Redhat Linux Admin  «Prev 

Introduction to Red Hat Linux and the General Public License

Benefits of a packaged Distribution

If Linux is available free on the Internet, why does Red Hat's packaged CD-ROM distribution of Linux sell at all? The primary reason is convenience. There are a number of benefits to the Red Hat packaged distribution.
One benefit is that a packaged distribution means each component can be easily upgraded. Another is that the user does not need to make decisions about which components to download, a process that is time consuming and requires intimate knowledge of the hardware environment into which Linux is to be introduced.

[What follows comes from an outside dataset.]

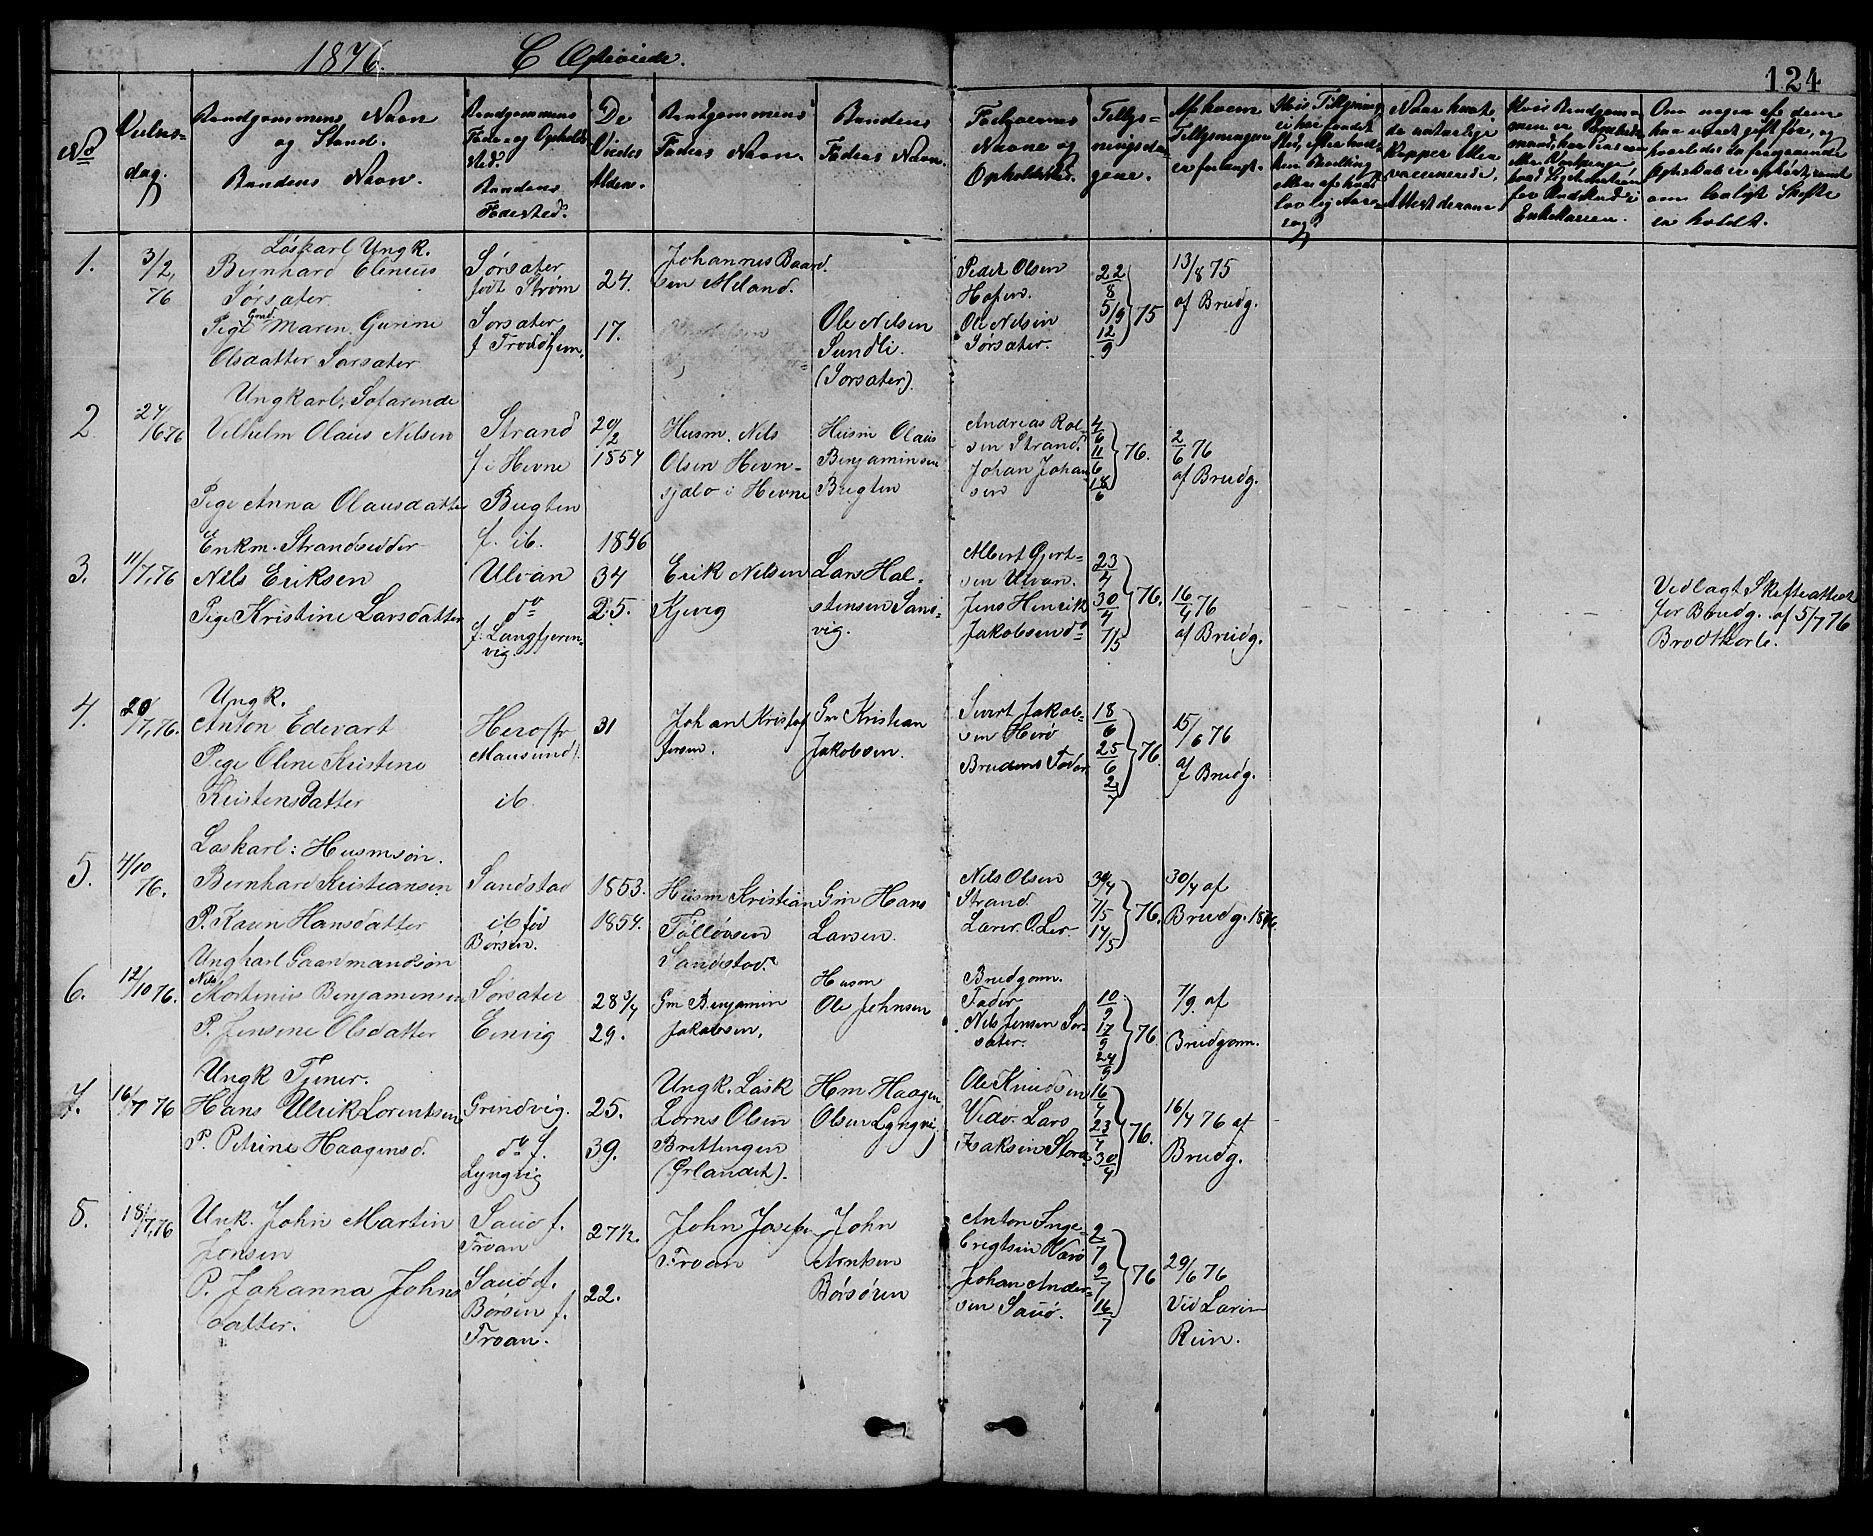 SAT, Ministerialprotokoller, klokkerbøker og fødselsregistre - Sør-Trøndelag, 637/L0561: Klokkerbok nr. 637C02, 1873-1882, s. 124
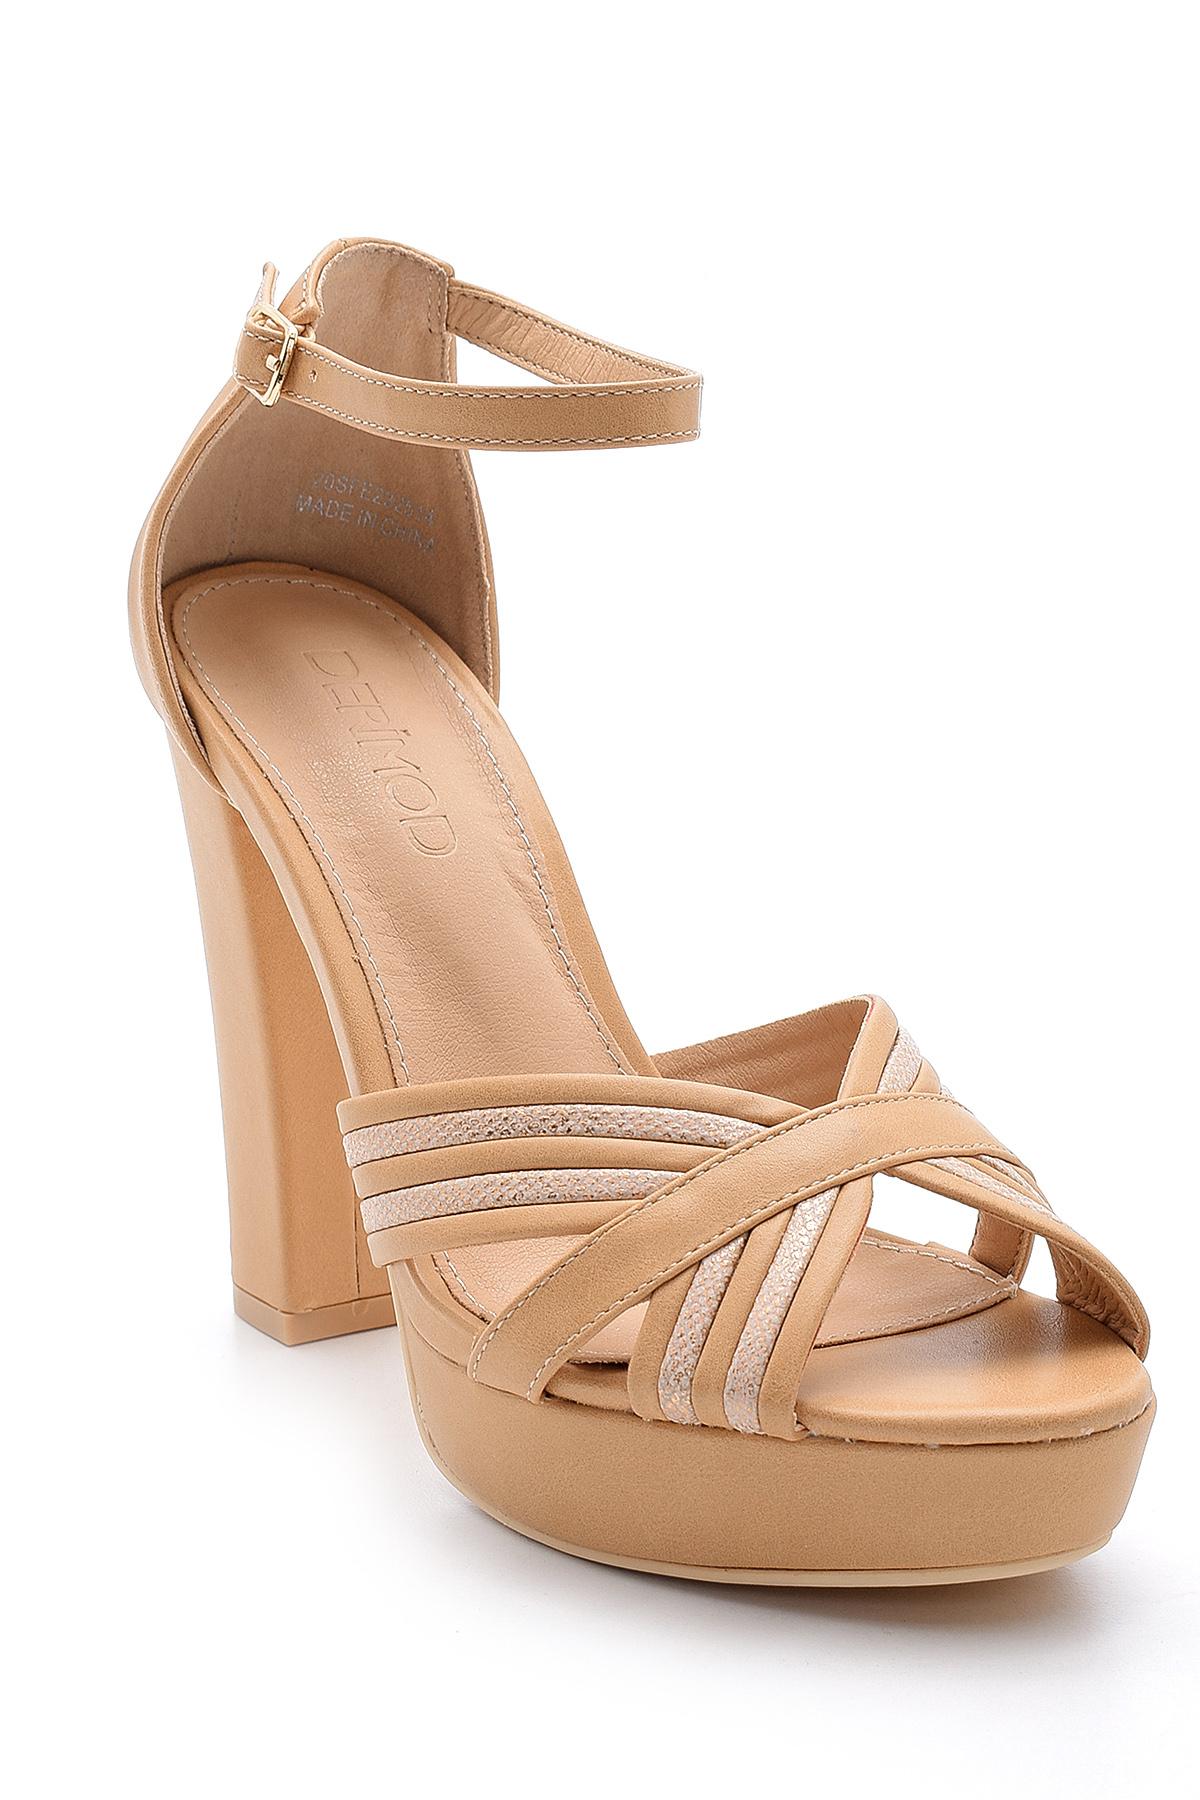 Bej Kadın Topuklu Sandalet 5638136145

Red Hat Linux, assembled by the company Red Hat, was a popular Linux based operating system until its discontinuation in 2004.
Red Hat Linux 1.0 was released on November 3, 1994. It was originally called "Red Hat Commercial Linux" and was the first Linux distribution to use the RPM Package Manager as its packaging format.
Since 2003, Red Hat has discontinued the Red Hat Linux line in favor of Red Hat Enterprise Linux (RHEL) for enterprise environments. Fedora, developed by the community-supported Fedora Project and sponsored by Red Hat, is the free version best suited for home use. Red Hat Linux 9, the final release, hit its official end-of-life on 2004-04-30, although updates were published for it through 2006 by the Fedora Legacy project until that shut down in early 2007.